# Can't leave feedback.



## MIL8 (Dec 30, 2013)

I'm trying to leave feedback for a member that I just received a pedal from. Every time I click submit from the feedback page I get an error saying "There was an error in your deal details!" but I can't see where anything is wrong. Any idea?

Thanks


----------



## Daf57 (Dec 30, 2013)

Just a thought but did you fill out all fields and leave a comment? Some configurations of iTrader require something in the comment box.

Also - this happened to me at one time - within the comments watch for any special characters like @#$%^&*() - I had to take out some dashes and +s.
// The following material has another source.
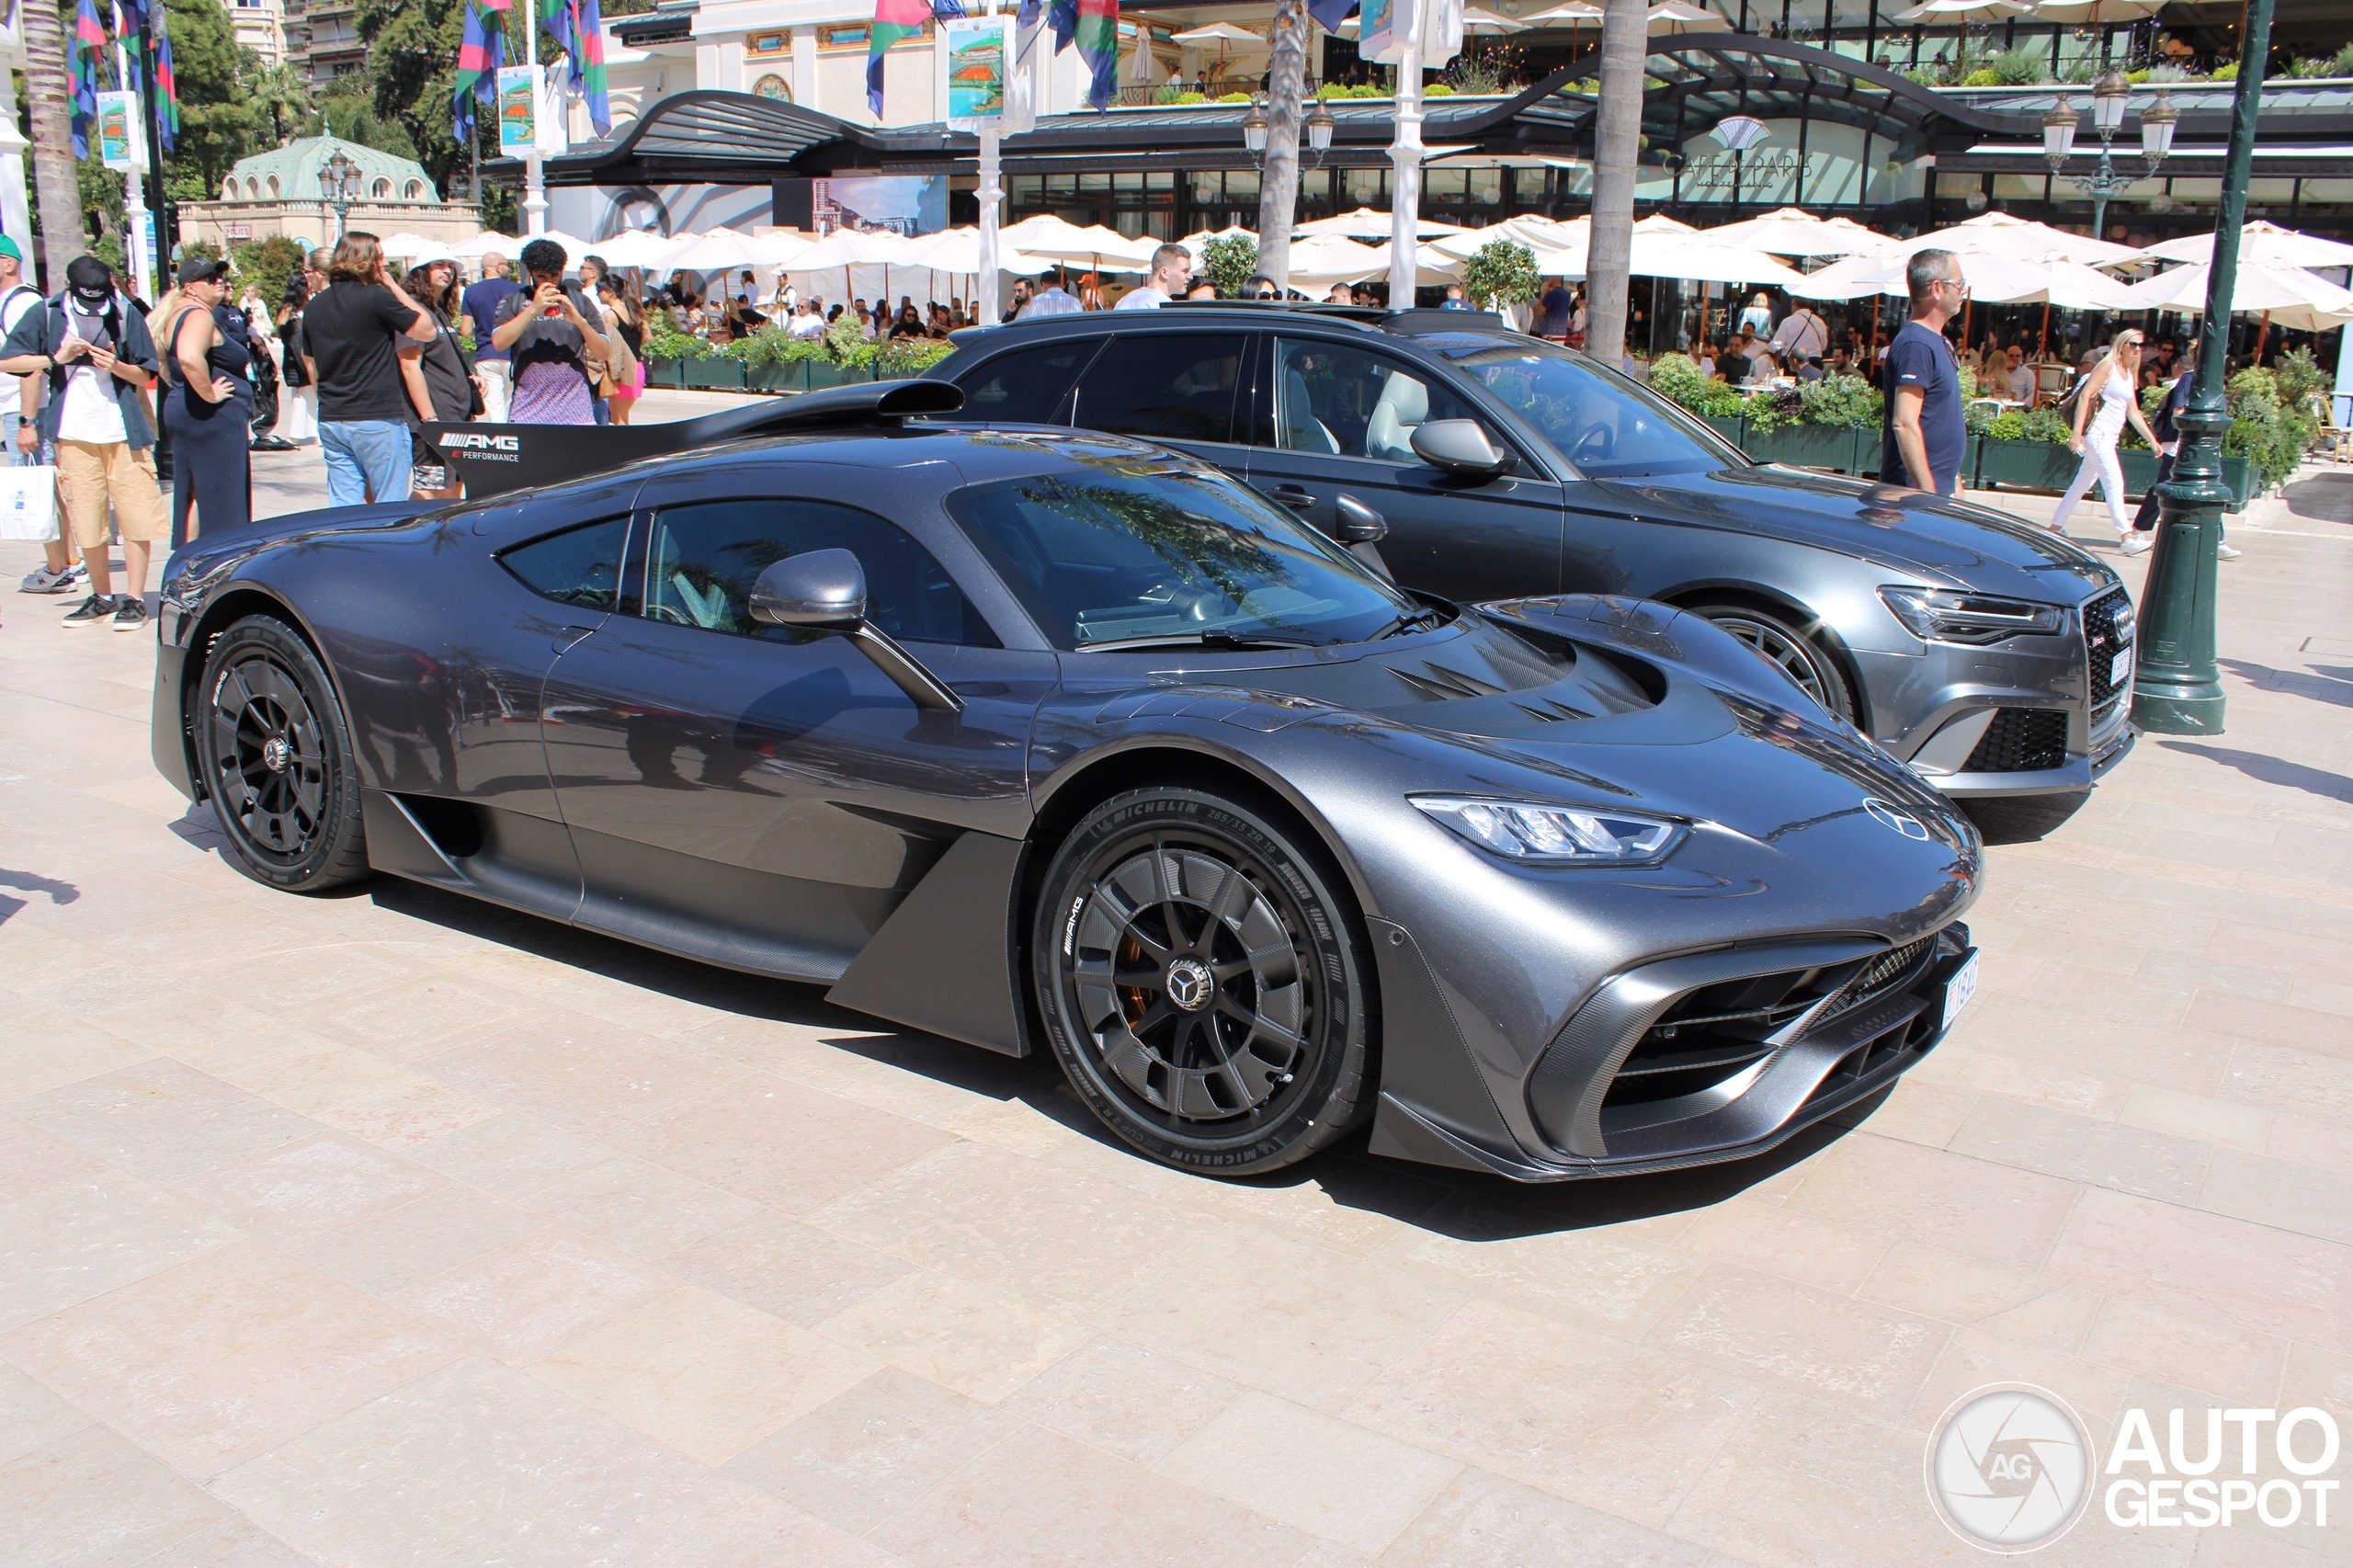 This is the First AMG One in Monaco

Just a few suggestions - check this search string as well for some additional ideas:
https://www.google.com/search?q=There+was+an+error+in+your+deal+details!


----------



## MIL8 (Mar 19, 2014)

I'm still trying to figure out what I'm doing wrong here. I know it must be something simple but I'm just not seeing it. Here is a screenshot of what I'm trying to do, and I still keep getting this error message.


----------



## MIL8 (Mar 27, 2014)

Anyone?


----------



## Señor Voorhees (Mar 27, 2014)

I've never done these things, but you left "additional comments" blank, perhaps that's the problem?


----------



## MIL8 (Mar 27, 2014)

I tried adding something there and it made no difference.


----------